Martin with an (a) cannot coherently reflect on her motivations, and so she doesn't find meaning in the historical cause for their existence: the
psyche is emptied of all dynamical, motivational or system-like property pushing or pulling the movements of perception, thought and action. Instead,
things-which-are-thought are ascribed an ontological, a priori status - something certain to annoy people with an Aristolean standard for truth - and
so the realities - and meanings - underlying the complex mind of Martin with an (a) remain hidden, deeply entangled, and knotted.
Of course - the problem is what trauma does: it exposes you to absence, the deadness, the unfeeling. Militant cultures are thus
bound to be
perforated, holed, and making meaning in the gaps. If reason and science truly trumps this sort of philosophy of art, then the characterization of
reality, as, for example, in the dionysian or bacchic rites, can be seen to be a function of
two fundamental principles that determine our
reality. These two principles I will name
cause and effect, and the
existential sense of enlivenment. The Greeks - like the Persian,
Babylonians, and Egyptians, before them - were ruled - like all Humans are ruled - by the existential needs of the moment. Enlivenment - the moment to
moment consciousness we have of our embodiment, our feelings, our driftiness into reveries, into negative or positive ideation, etc - this is an
experience of
being a Self, and being driven by this sense of neediness to live and be as a Human in my particular context, in terms of the
feelings I feel and which I feel little power over.
“When traumas breach is experienced alone, when the wounding of catastrophe is constituted in isolation, any attempt to move that
experience into intersubjective space betrays the experience of having been isolated. Intersubjectivity, then, was not only initially difficult, but
also, paradoxically, another betrayal
Trauma - especially trauma perpetuated by another Human - not only has its existential effects on self - by positioning it within a feeling world too
"removed" - like a turtle pulled up inside its shell - to dare again enter normal Human relationship.
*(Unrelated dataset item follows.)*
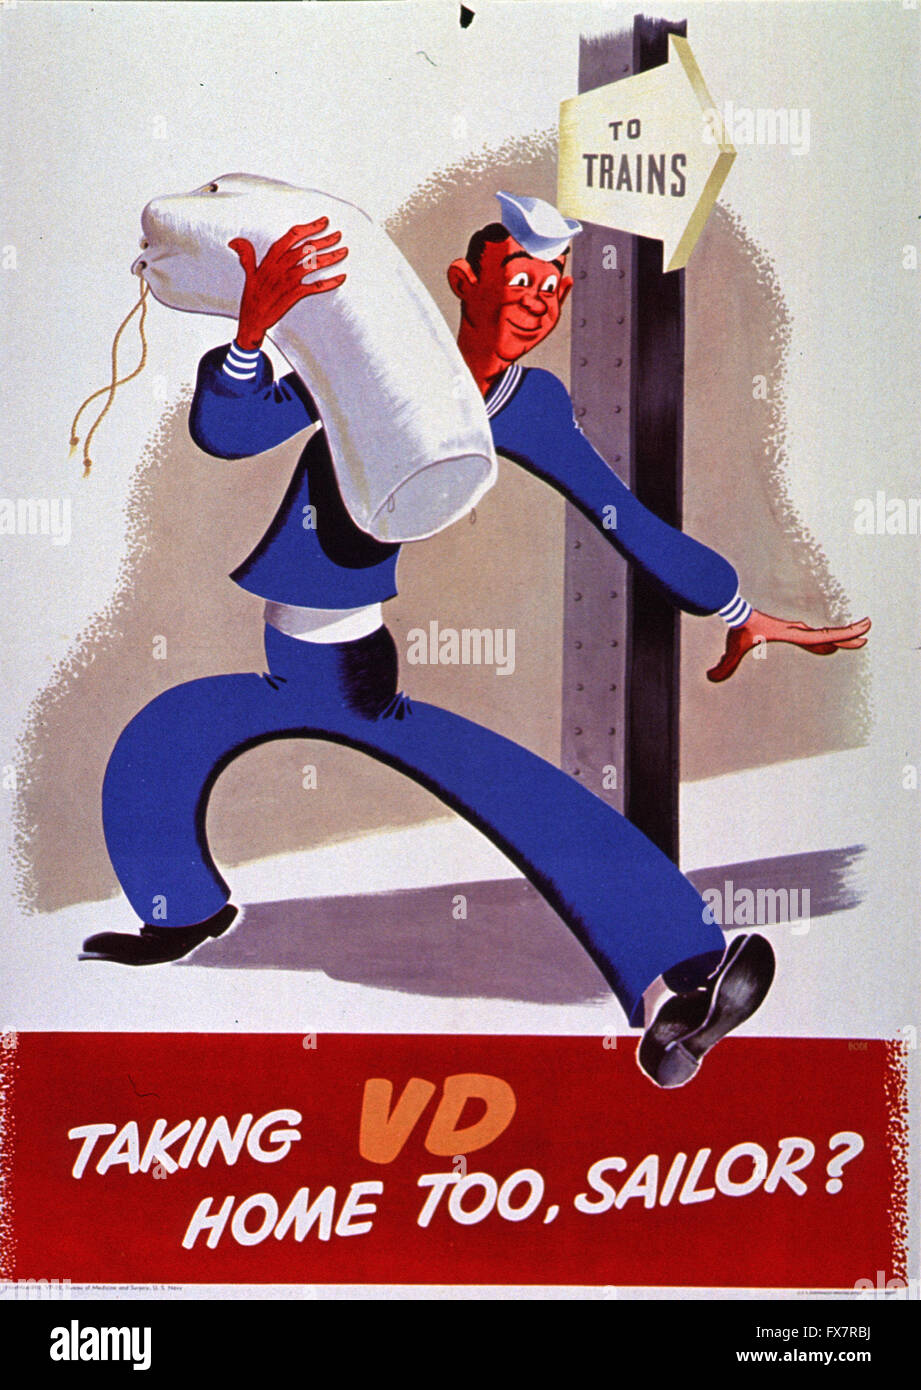 Taking VD Home Sailor?- World War II - U.S propaganda Poster Stock Photo

Indeed - the concept of the relationship, and of
history, is a curiously Jewish theme, later taken up by Christianity and Islam, which, in terms of the ontology of the way things actually work (if
you subscribe, as I and most people do, to objectively accessible facts as having an epistemological superiority to mere subjective feeling) seems to
have been a favorable progression for Human beings - inasmuch as we began to historically position ourselves - and not simply imagine our beings in
terms of fantastical projections from an unmetabolized collective unconscious.
“When the victim is the child and the abuser is a parent or caregiver on whom the child is totally dependent, the childs maturational
needs for attachment and for the development of a coherent sense of self, unrecognized and unmet by the abuser, come to be experienced as
unacceptable. As these unmet come become ever more infected with continuing abuse and entwined with the wishes and fantasies of the childs evolving
sexuality and aggression, the child’s experience of him or herself inevitably becomes infused with abusing and sadomasochistic characteristics.”